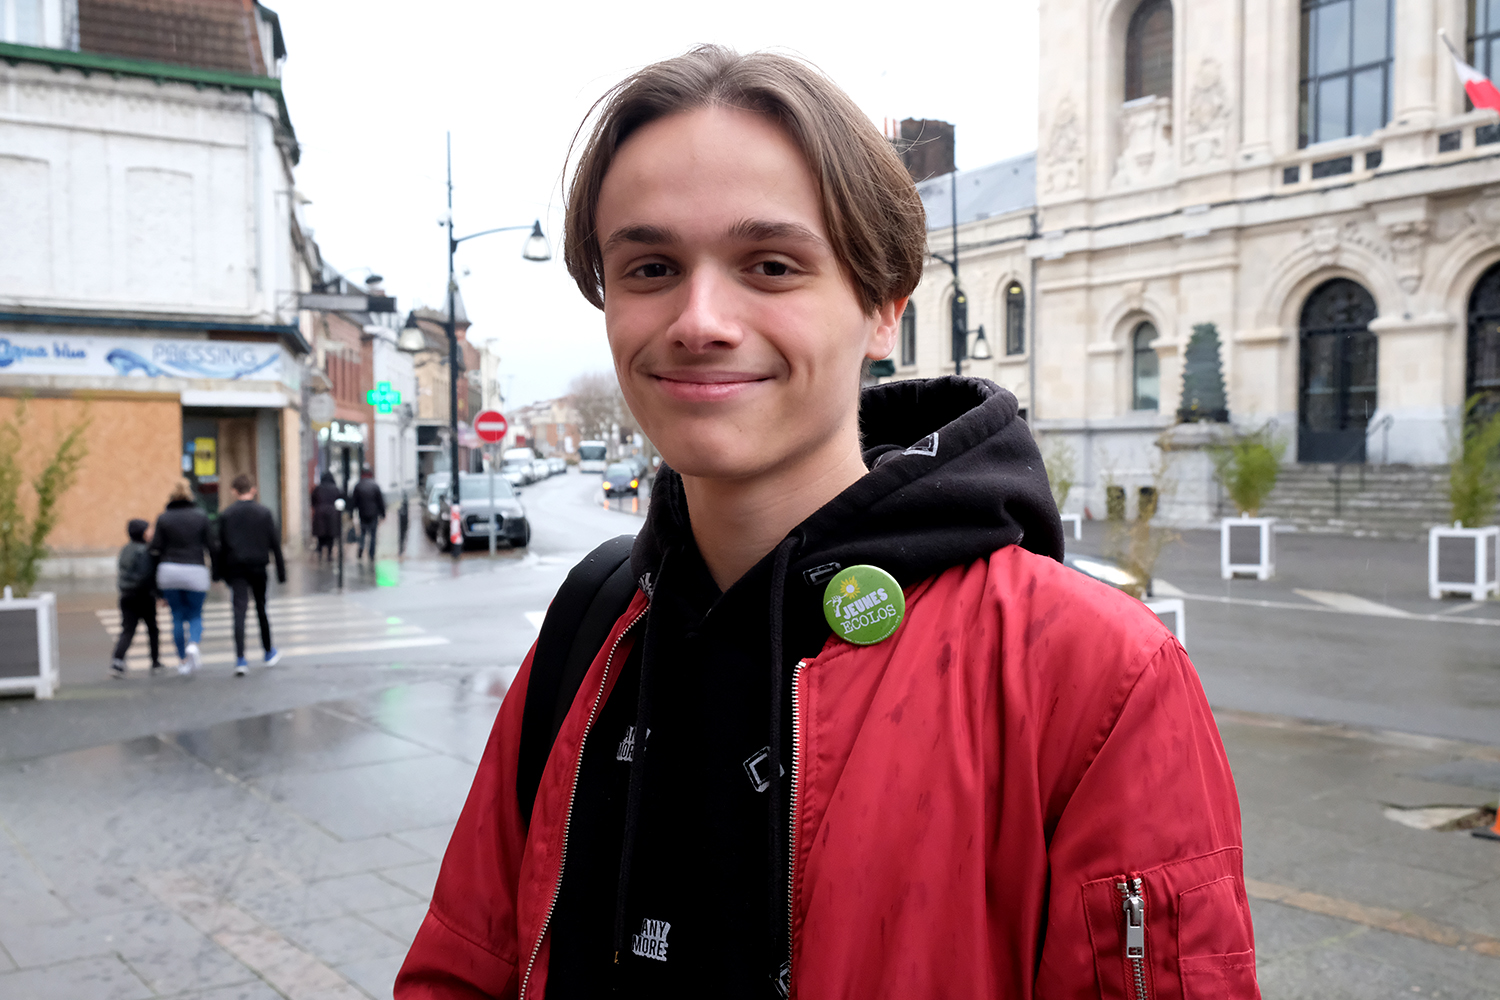 Davy a 17 ans, il est militant écologiste et membre de la fédération des Jeunes écologistes.
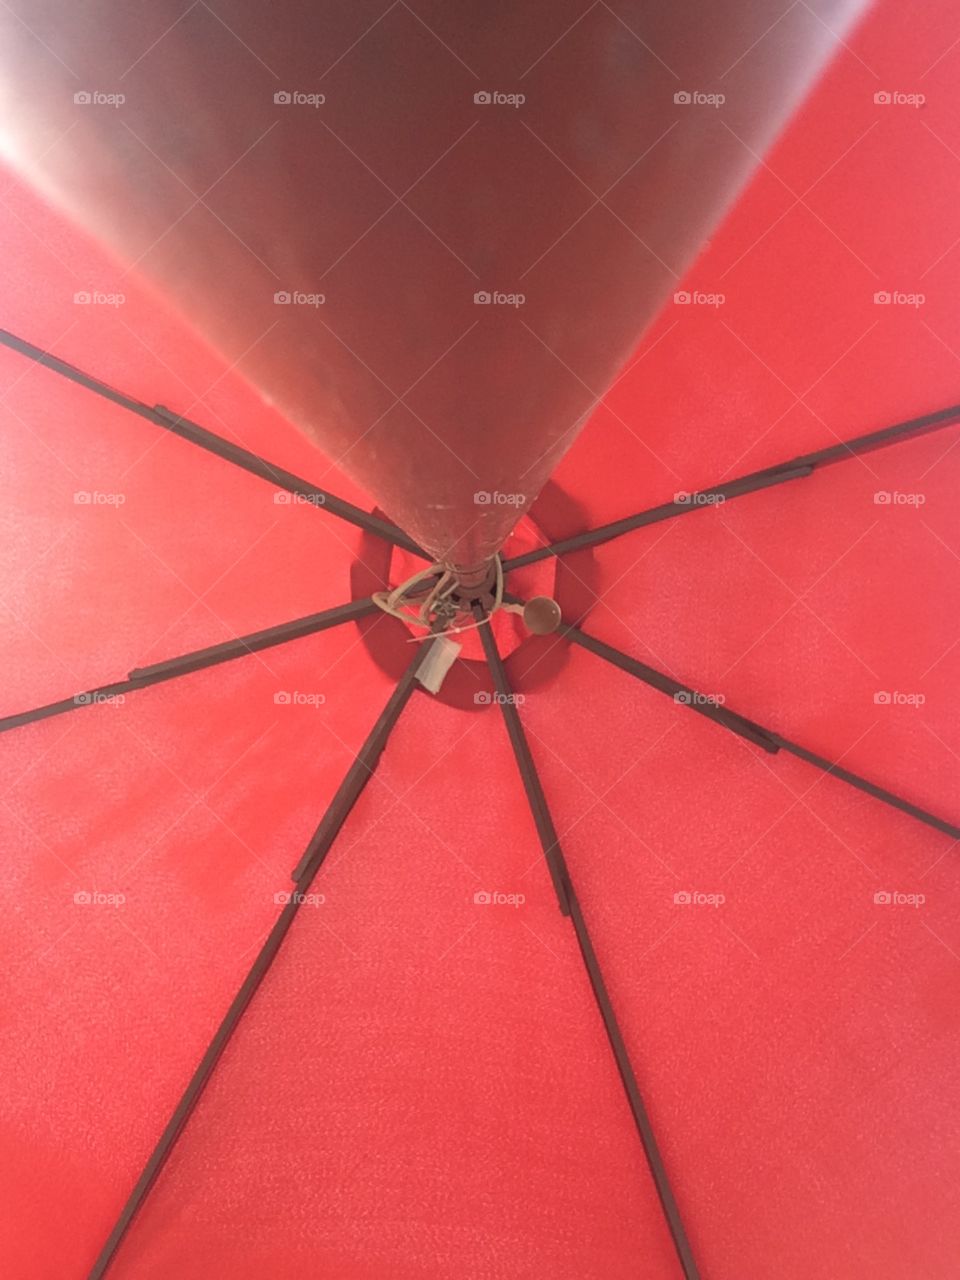 Umbrella. Summer patio umbrella
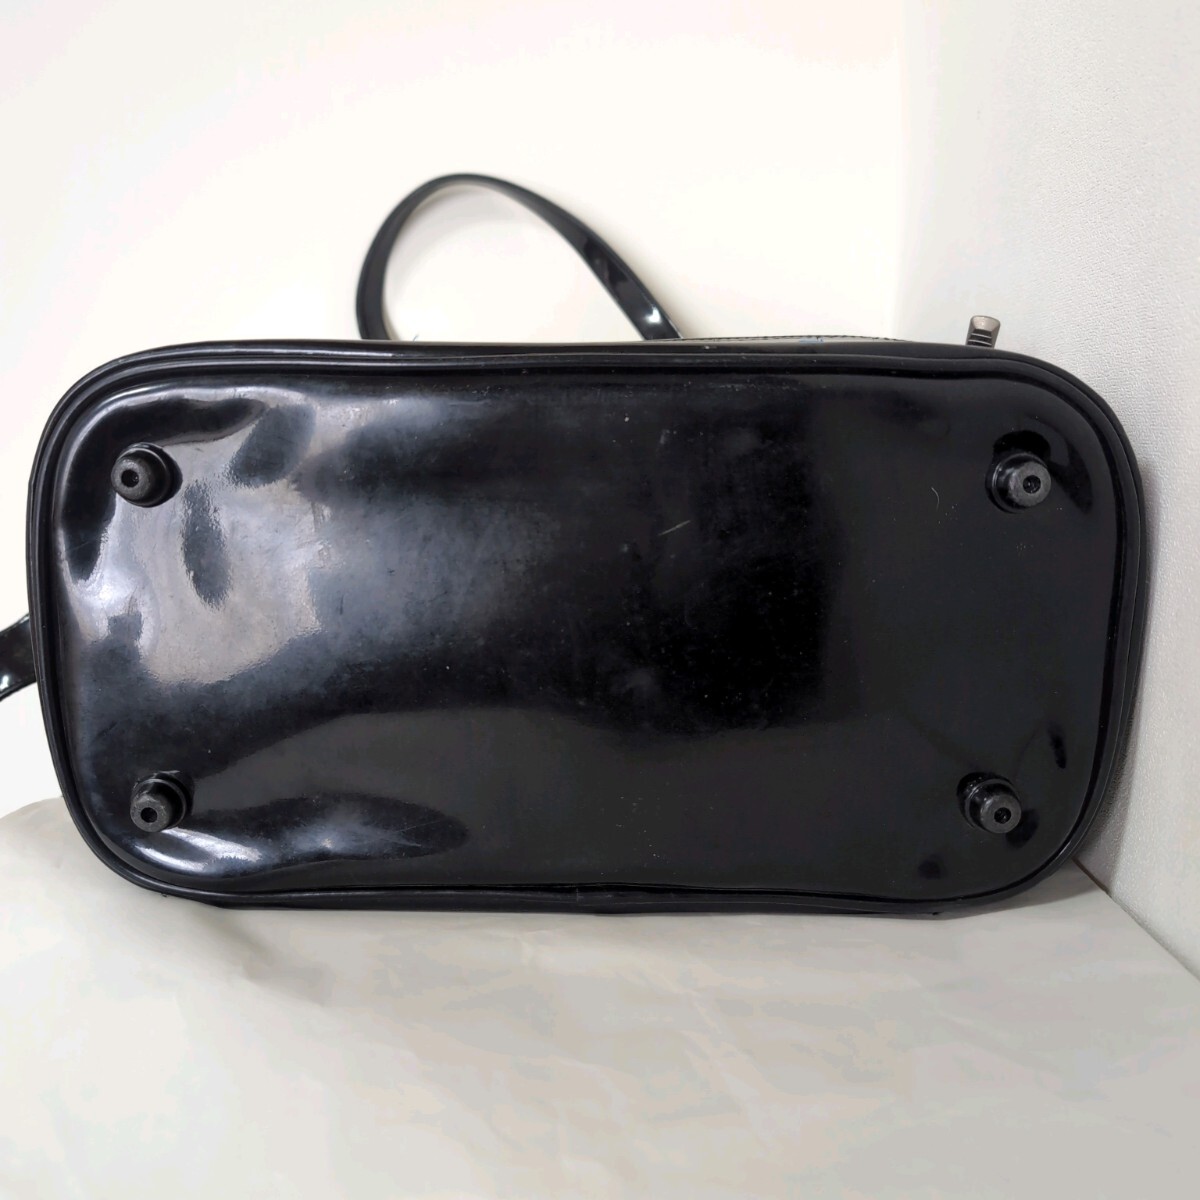 MO■ミズノ ワールドウィン 野球バッグ YS02B メンズ シューズ入れ付き ブラック エナメルバッグ ショルダーバッグ セカンドバッグ 鞄の画像6
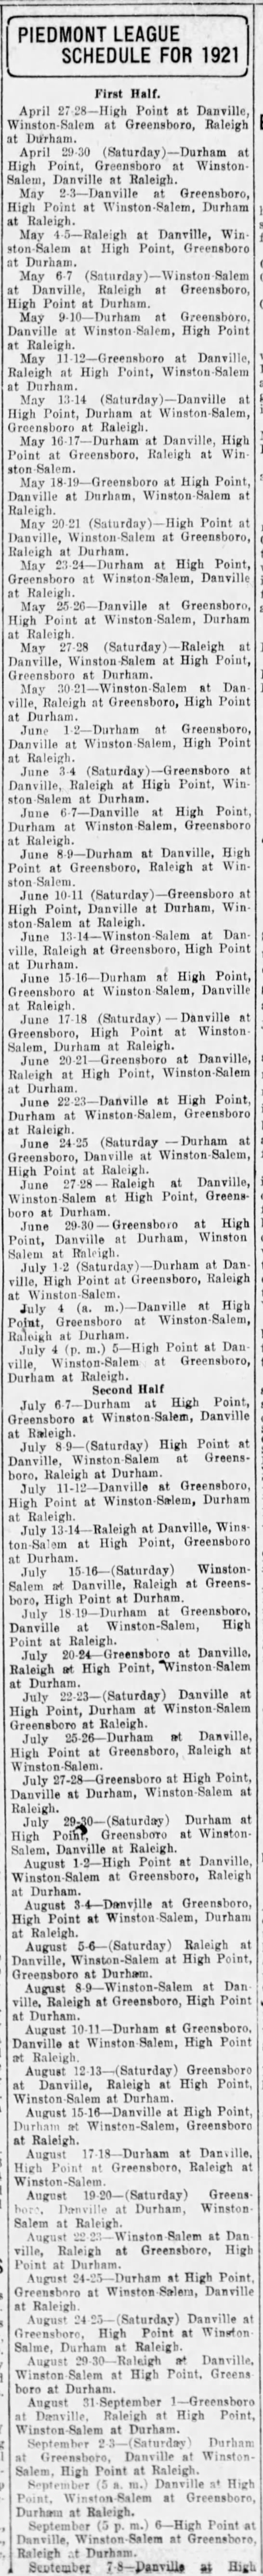 1921 Piedmont League schedule - 
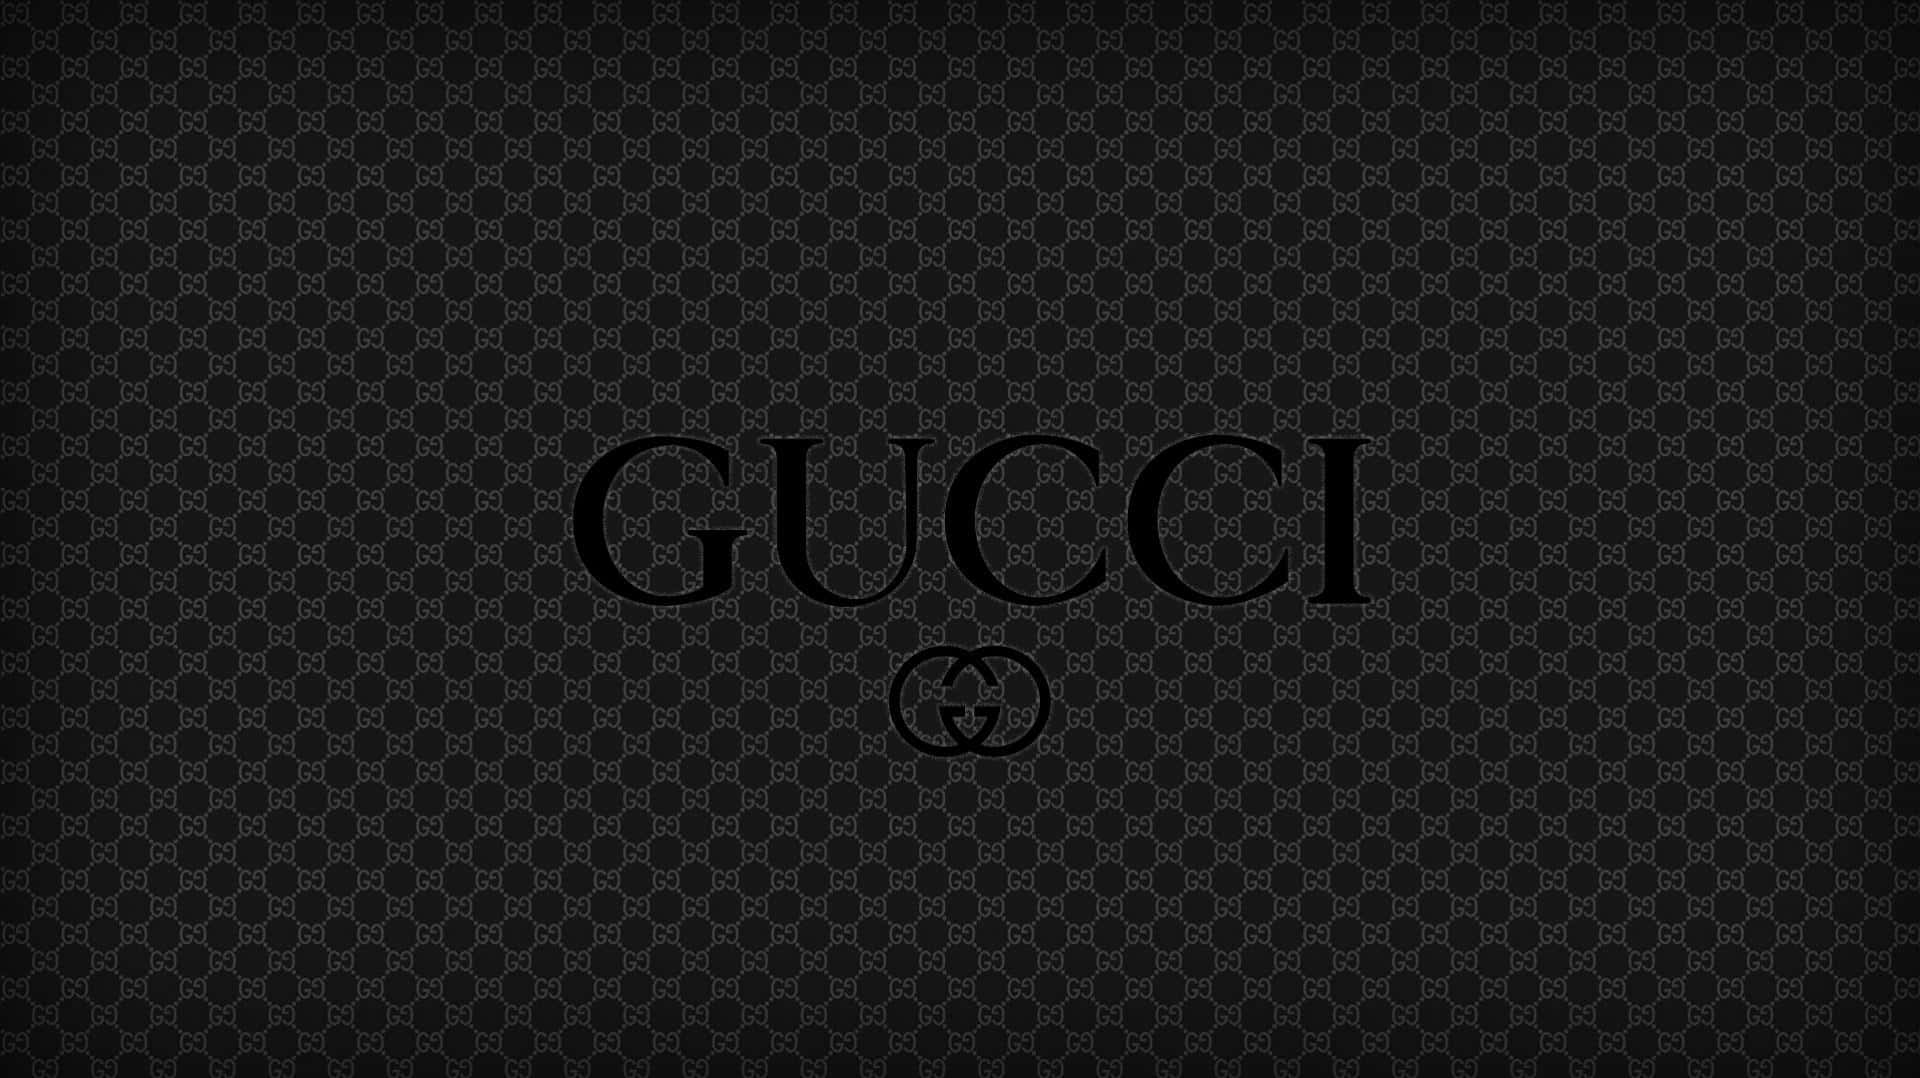 Logocaro De Gucci. Fondo de pantalla
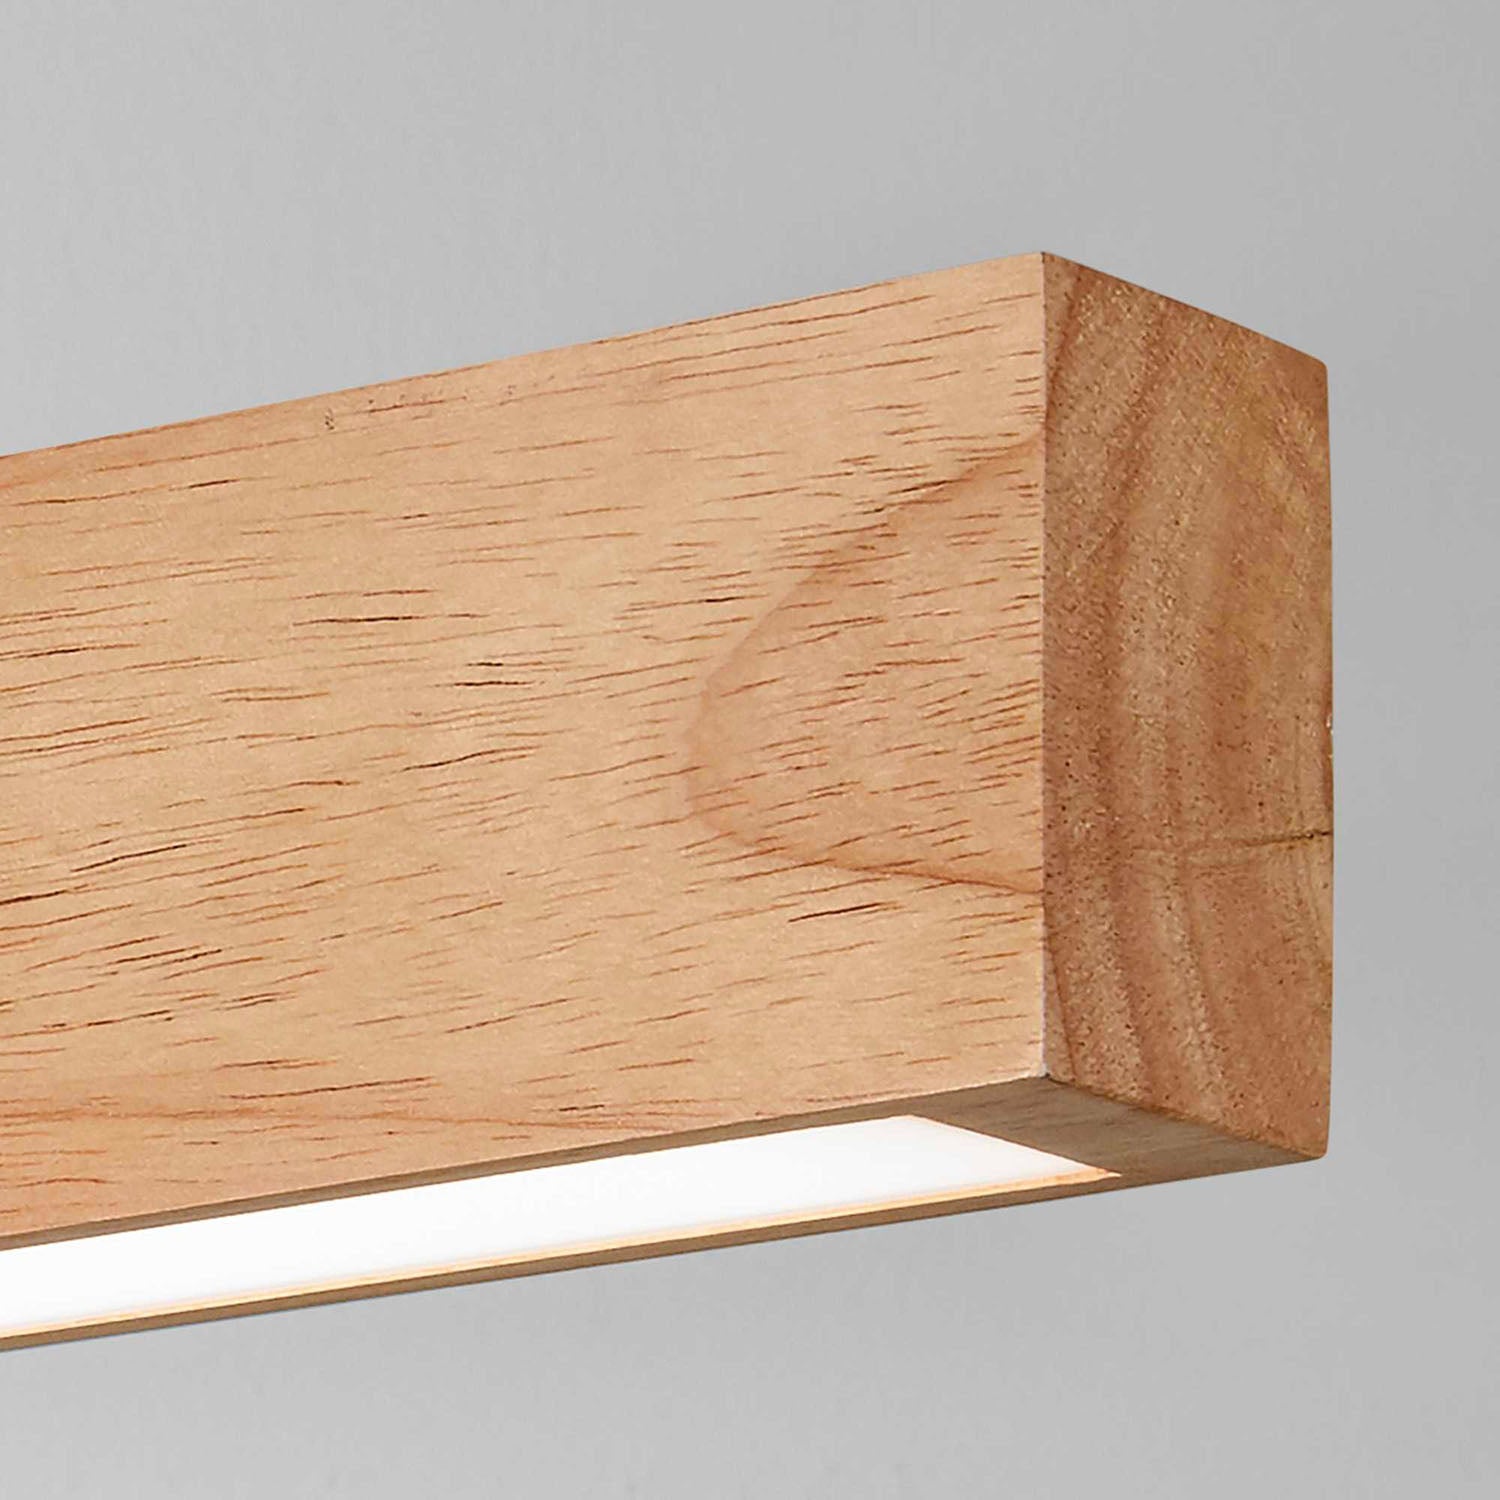 CRAFT – Integrierte lineare LED-Pendelleuchte aus Holz
^^^^^^^^^^^^^^^^
*EXERCISE*: Return an exact transcription of the material, with its pictures left out.

*RESPONSE BELOW*:
 Davy a 17 ans, il est militant écologiste et membre de la fédération des Jeunes écologistes.
 Umbrella. Summer patio umbrella
 MO■ミズノ ワールドウィン 野球バッグ YS02B メンズ シューズ入れ付き ブラック エナメルバッグ ショルダーバッグ セカンドバッグ 鞄の画像6
 1921 Piedmont League schedule - 
 Logocaro De Gucci. Fondo de pantalla
 CRAFT – Integrierte lineare LED-Pendelleuchte aus Holz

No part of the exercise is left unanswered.